Но мы здесь должны снова сказать, что уже в самой этой абстракции заключается громадная измена диалектике. А именно: раз «мышление» абстрагируется от «мыслящего», то, ведь, и разрушается та целостность, о которой такими соловьями залётными и так красноречиво поют те же идеалисты, когда говорят о жизни! (И здесь, т. е. в тезисе о целостности) вполне правы. Так как же выходит дело? Неужели непонятно, что отодрав «дух» от «тела», вы «дух» превратили в ничто, а тело — в труп! Прямо смешно видеть, как солидные люди, после пламенных протестов против грубого эмпиризма, рационализма, вивисекторской науки, умерщвления живого; после торжественных од во славу «целостности», «целокупности», «единства», «индивидуального целого» и проч. И проч., вдруг берутся за человека, раздвояют его, отделяют мышление от тела и воображают при этом, что тело сталось телом, а мышление — мышлением! Нет, дорогие философы! Никакого «саморазвития понятий» и никакого «шествия духа» и никакой прочей метафизической чертовщины реально быть не может именно потому, что вы, вопреки учению о диалектической целокупности, разрушили эту целокупность, умертвили «тело» и уничтожили «дух». И здесь, в основном вопросе, Гегель свою блестящую диалектику принёс в жертву идеалистическому богу. Ещё Мольер в «Учёных женщинах» ехидствовал:
К несчастию, сударыня, я замечаю, Что всё же тело и душа меня слагают, И тело очень связано с душой. Быть может, их и делят с мудростью большой, Но небо философствовать мне не велело, И вместе у меня живут душа и тело.[196] Правда, с точки зрения «философии тождества» нам могут возразить словами Шеллинга из «Всеобщей дедукции динамического процесса»[197], доказывающими, что тут нет разрыва, ибо «все качества суть ощущения, все тела — воззрения природы, сама же природа вместе со своими ощущениями и воззрениями, является, так оказать, оцепеневшим мышлением». Но, позвольте, а как вы дошли до мысли такой? Ведь, в действительности, вы нигде не наблюдали мышление без человека. И до дедукции вы проделали очень несложную операцию: отодрали мышление от человека и спроецировали его на природу! А потом — образная «дедукция»! Нечего сказать, хороша последовательность: в ней только одни «маленький» недостаток: во-первых, отодрав, вы убили; во-вторых, вы как дикарь, удовлетворились пустой аналогией. «Только» всего.

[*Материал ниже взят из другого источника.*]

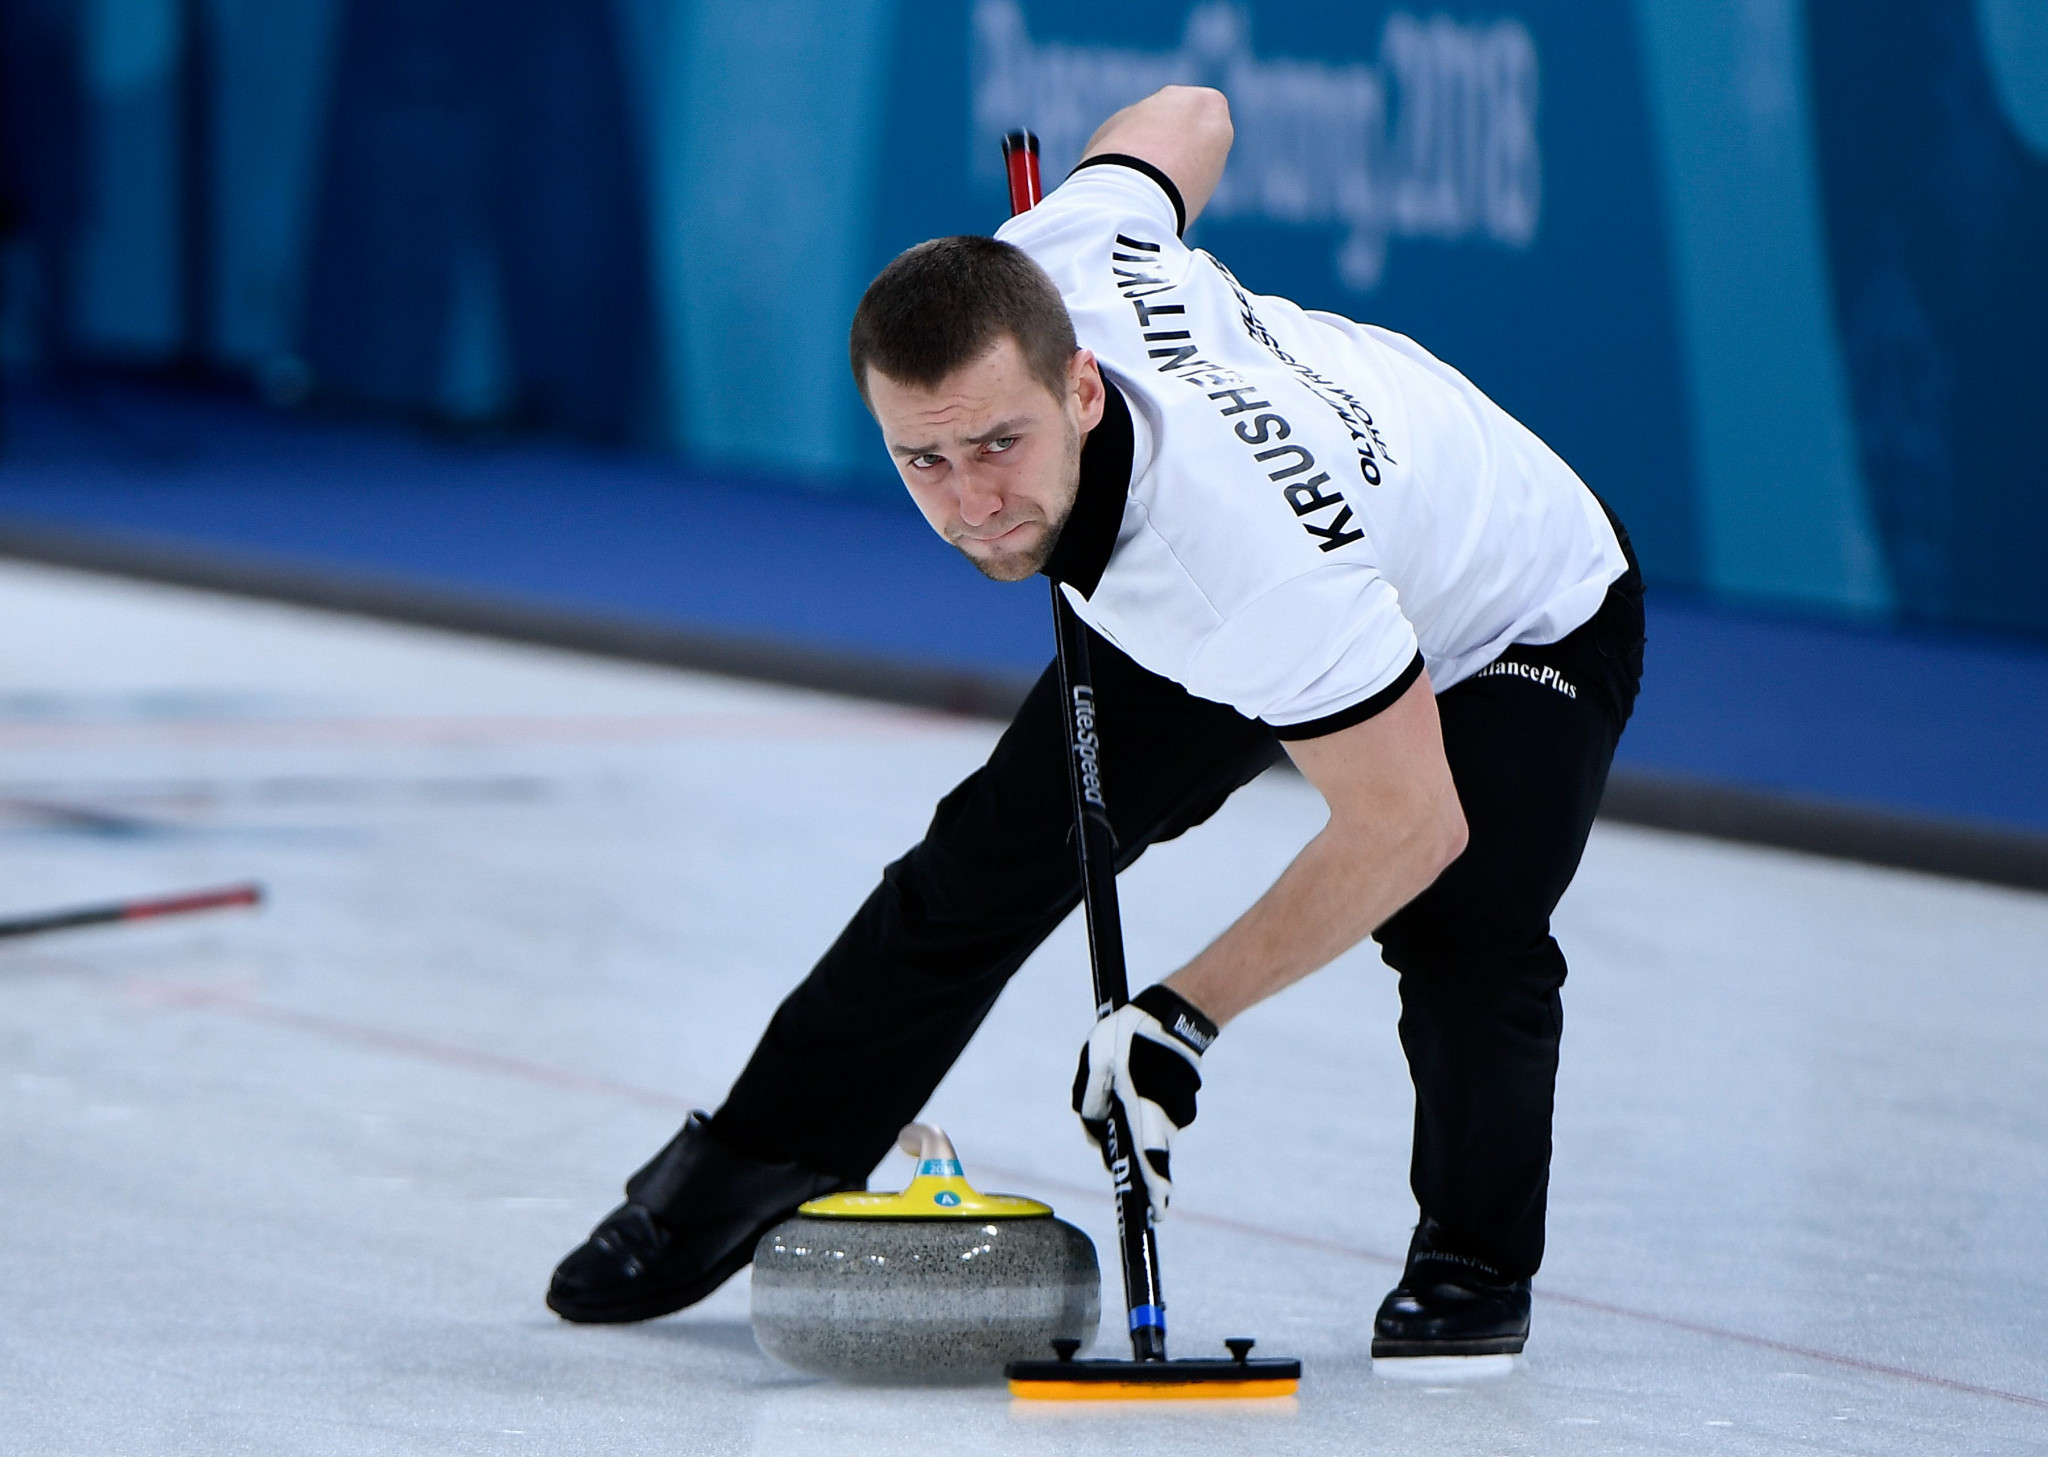 Russian curler Alexander Krushelnitskiy's four-year doping ban from the Pyeongchang 2018 Winter Olympics expired last year ©Getty Images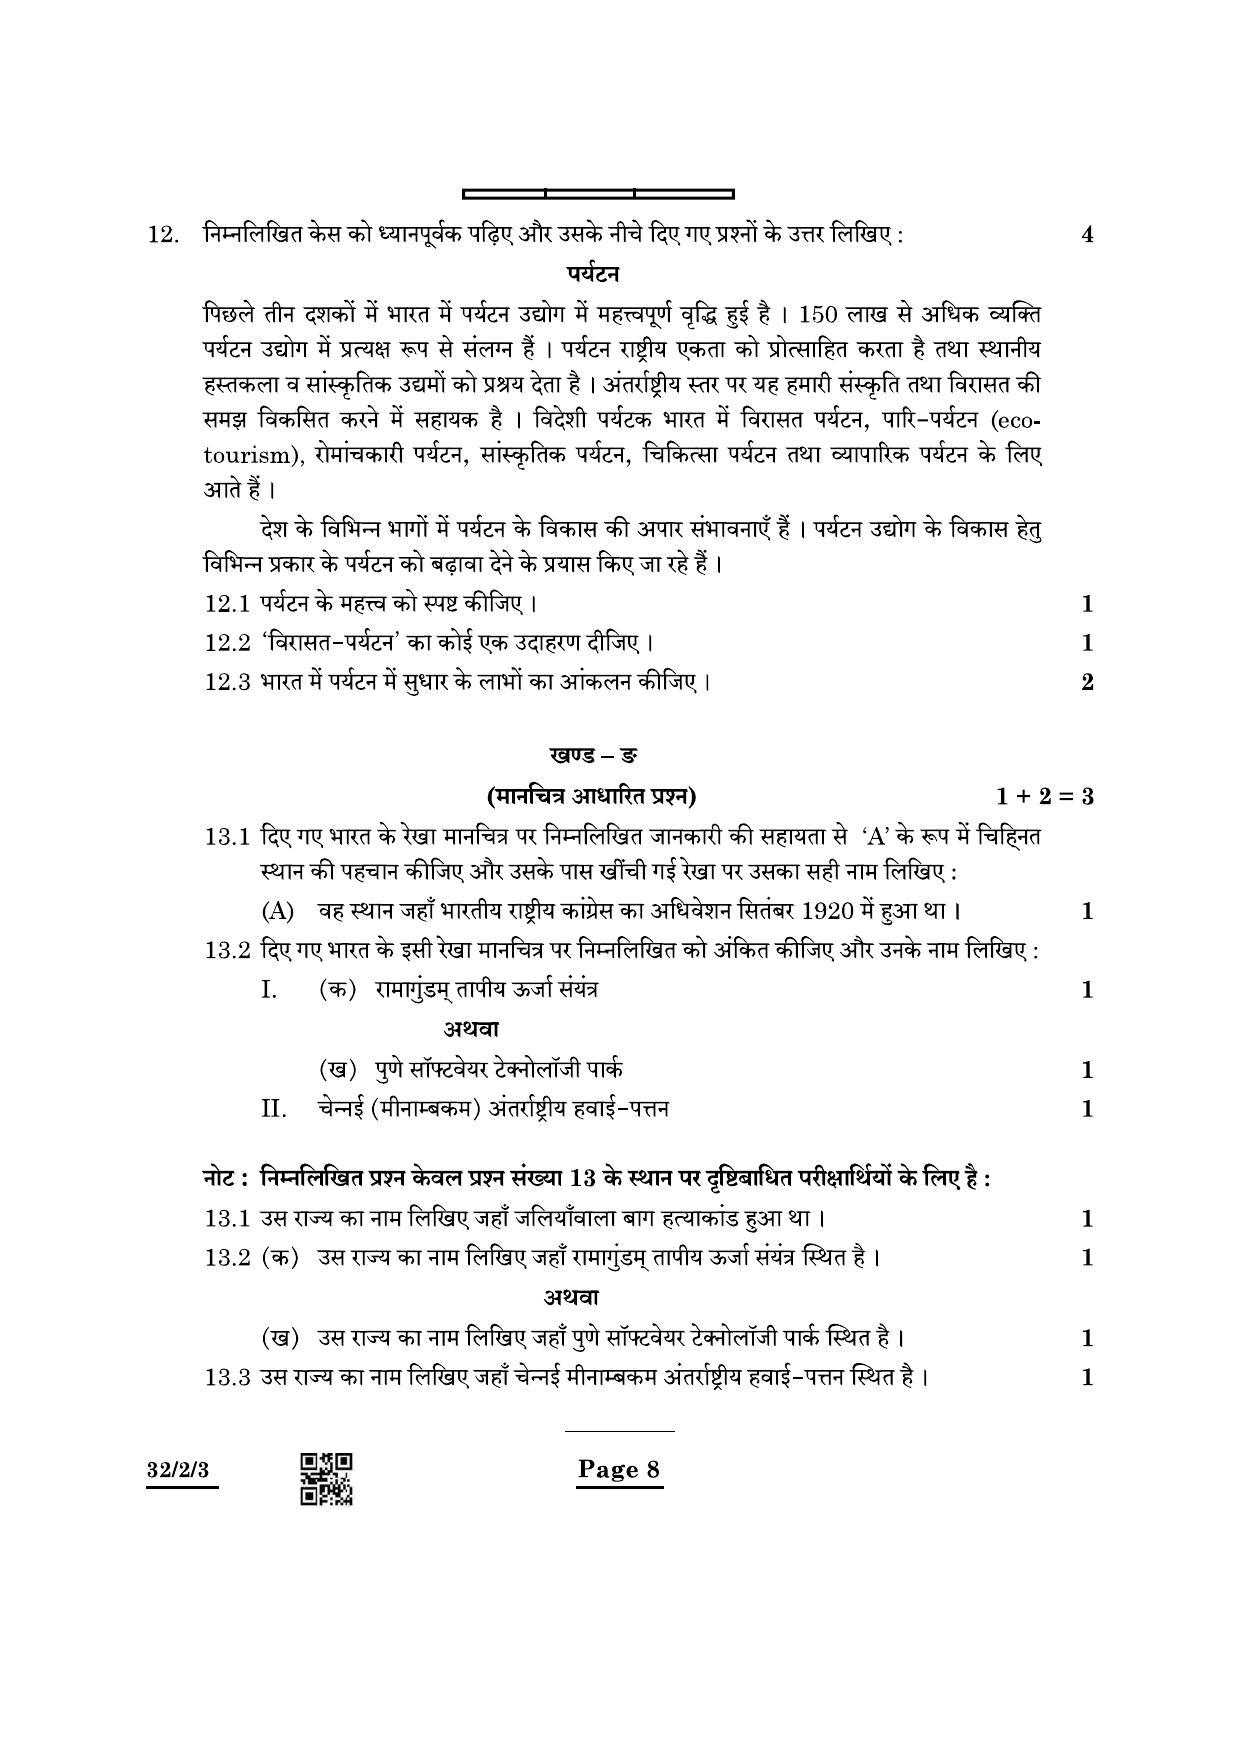 CBSE Class 10 32-2-3 Social Science 2022 Question Paper - Page 8

Диалектически выражаясь, здесь налицо превращение относительной противоположности в абсолютную, разрушение связи и метафизическая изоляция духа, т. е. превращение его в вещь в себе, в пустое ничто, тогда как он может быть взят только в связи, и вне связи не существует.
И здесь, следовательно, мы видим, что диалектика, как объективная диалектика, властно требует материалистической точки зрения, иначе она поедает самое себя.
Всякое идеологическое извращение логически опирается на какую-нибудь грань действительности, односторонне её раздувая, преувеличивая и возводя в какую-либо сущность. Именно поэтому Ленин записывал в «Тетрадках»[198]:
«Философский-идеализм есть только чепуха с точки зрения… материализма грубого, простого, метафизического. Наоборот, с точки зрения диалектического материализма, философский идеализм есть одностороннее, преувеличенное Überschwengliches (Dietzgen)[199] развитие (раздувание, распухание) одной из чёрточек, сторон, граней познания в абсолют, оторванный от материи, от природы, обожествлённый» (Конспект Аристотеля «Метафизики»).
Это блестяще подтверждается всей историей идеализма, который свойство живой материи отодрал от материи, отодрав человека от природы и «дух» от человека; возведя мышление в абсолют и раздув этот абсолют до универсально-космической идеальной категории.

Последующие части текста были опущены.